Yaklaşık 25 bin kişinin katılımıyla gerçekleştirilen yeni bir geniş çaplı çalışma, aşırı sıcak hava dalgalarına uzun süreli maruz kalmanın, düzenli sigara içme veya alkol tüketiminin vücut üzerindeki etkilerine benzer bir şekilde yaşlanma sürecini hızlandırabileceğini gösteriyor.
Araştırmalar, tekrarlayan sıcak hava dalgalarının vücudun biyolojik saatini öne alarak kronik sağlık sorunları riskini artırabileceğine işaret ediyor. Nature Climate Change dergisinde yayımlanan çalışma, 15 yıl boyunca 24.922 yetişkinin sağlık bilgilerini analiz etti. Araştırmacılar, sıcak hava dalgalarına maruz kalma süresinin artması ile biyolojik yaşın ilerlemesi arasında belirgin bir ilişki olduğunu tespit etti.
Hemen fark edilmese de, aşırı sıcaklıklarla ilişkili bu yıpranma ve aşınma, düzenli olarak sigara kullanan veya alkol tüketen bireylerde görülen hasarı yansıtıyor gibi görünüyor. Elde edilen bulgular, özellikle uzun süre maruz kalındığında, sıcak hava dalgalarının sigara içmek veya alkol almak kadar yaşlanmaya neden olabileceğini ortaya koyuyor.

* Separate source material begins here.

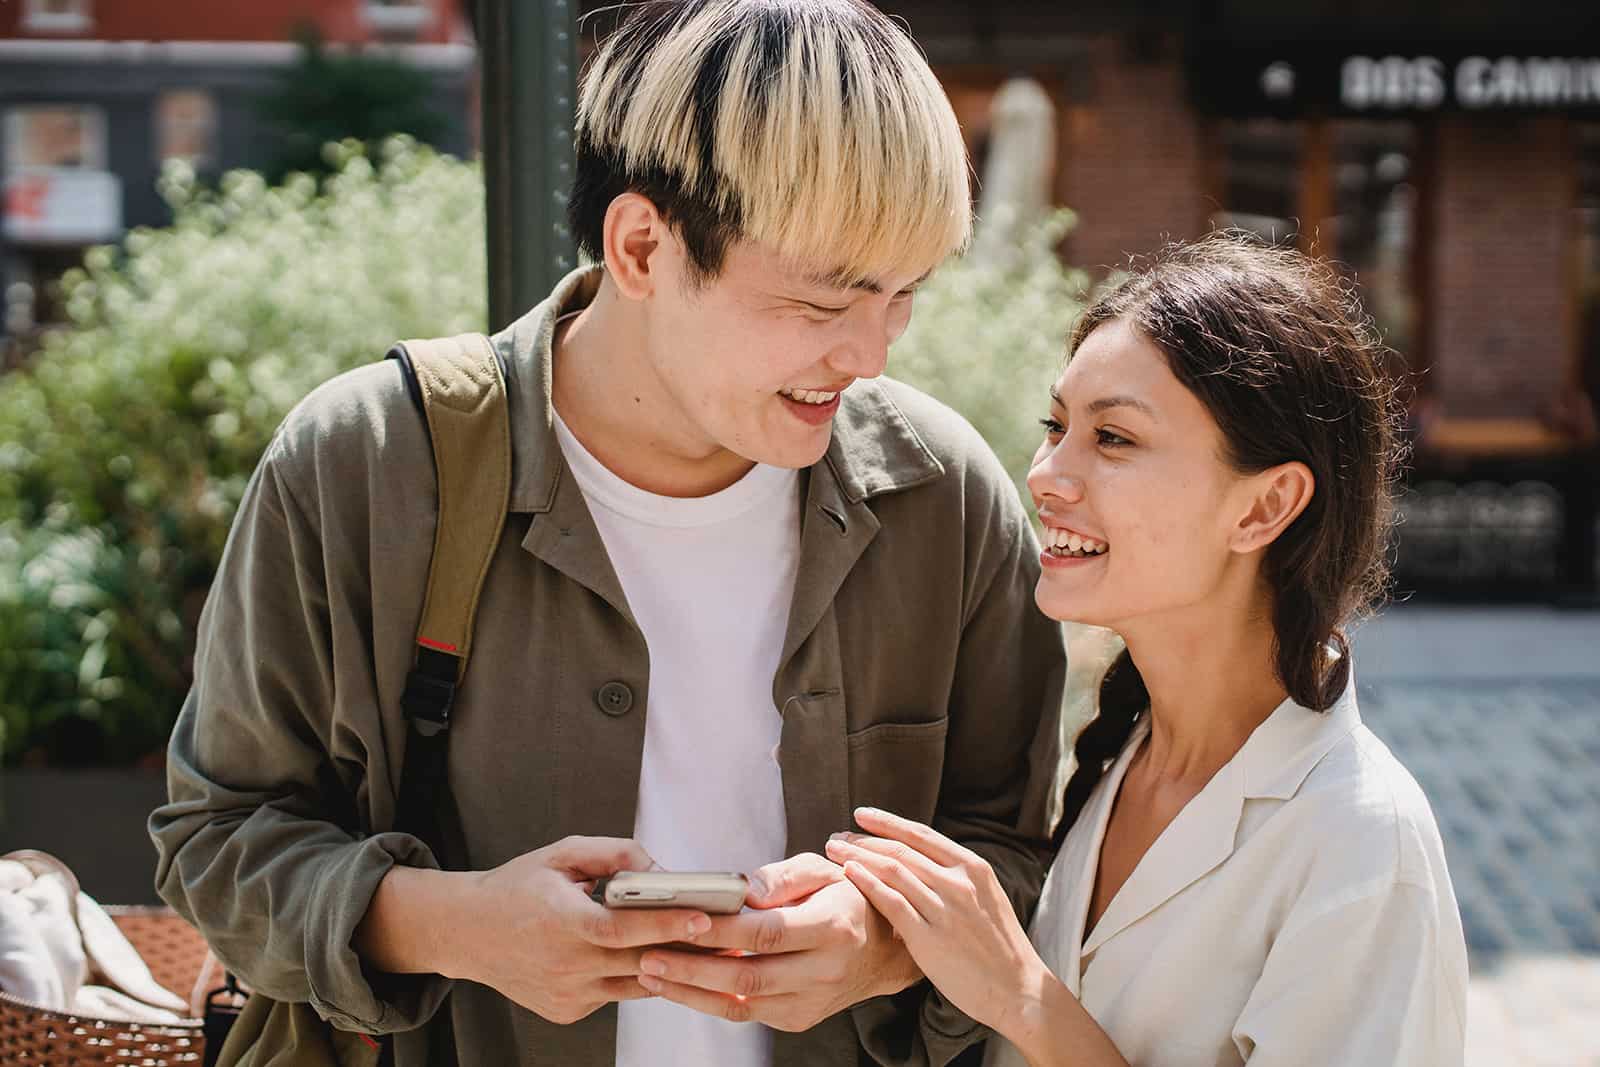 ein lächelnder Mann, der ein Smartphone hält und eine lächelnde Frau betrachtet, die seine Hand berührt

Çalışmada 2008 ile 2022 yılları arasındaki sağlık kayıtları incelendi. Tayvan, bu dönemde yaklaşık 30 sıcak hava dalgası yaşadı. Çalışmada sıcak hava dalgası, birkaç gün boyunca devam eden anormal derecede yüksek sıcaklık dönemleri olarak tanımlandı. Katılımcılar, karaciğer, böbrek ve akciğer fonksiyonlarının yanı sıra kan basıncı ve inflamasyon belirteçlerini değerlendiren çeşitli tıbbi testlerden geçirildi. Araştırmacılar, bu verileri kullanarak, kronolojik yaşa kıyasla vücudun nasıl çalıştığını gösteren, her bir kişinin biyolojik yaşını tahmin etmek için kullandı.
Araştırma ekibi, ikamet verilerini kullanarak, her katılımcının sağlık muayenesinden önceki iki yıl içinde maruz kaldığı olası ısı miktarını hesapladı. Elde edilen sonuçlar, her 1,3 santigrat derece ek ısıya maruz kalmanın, bir kişinin biyolojik yaşına yaklaşık 0,023 ila 0,031 yıl eklediğini gösterdi.
Hong Kong Üniversitesi’nde çevre epidemiyoloğu olan başyazar Cui Guo, bu rakamlar tek tek bakıldığında küçük görünse de, bu etkilerin nüfus genelinde ve zaman içinde değerlendirildiğinde önemli sonuçlar doğurabileceğini belirtti.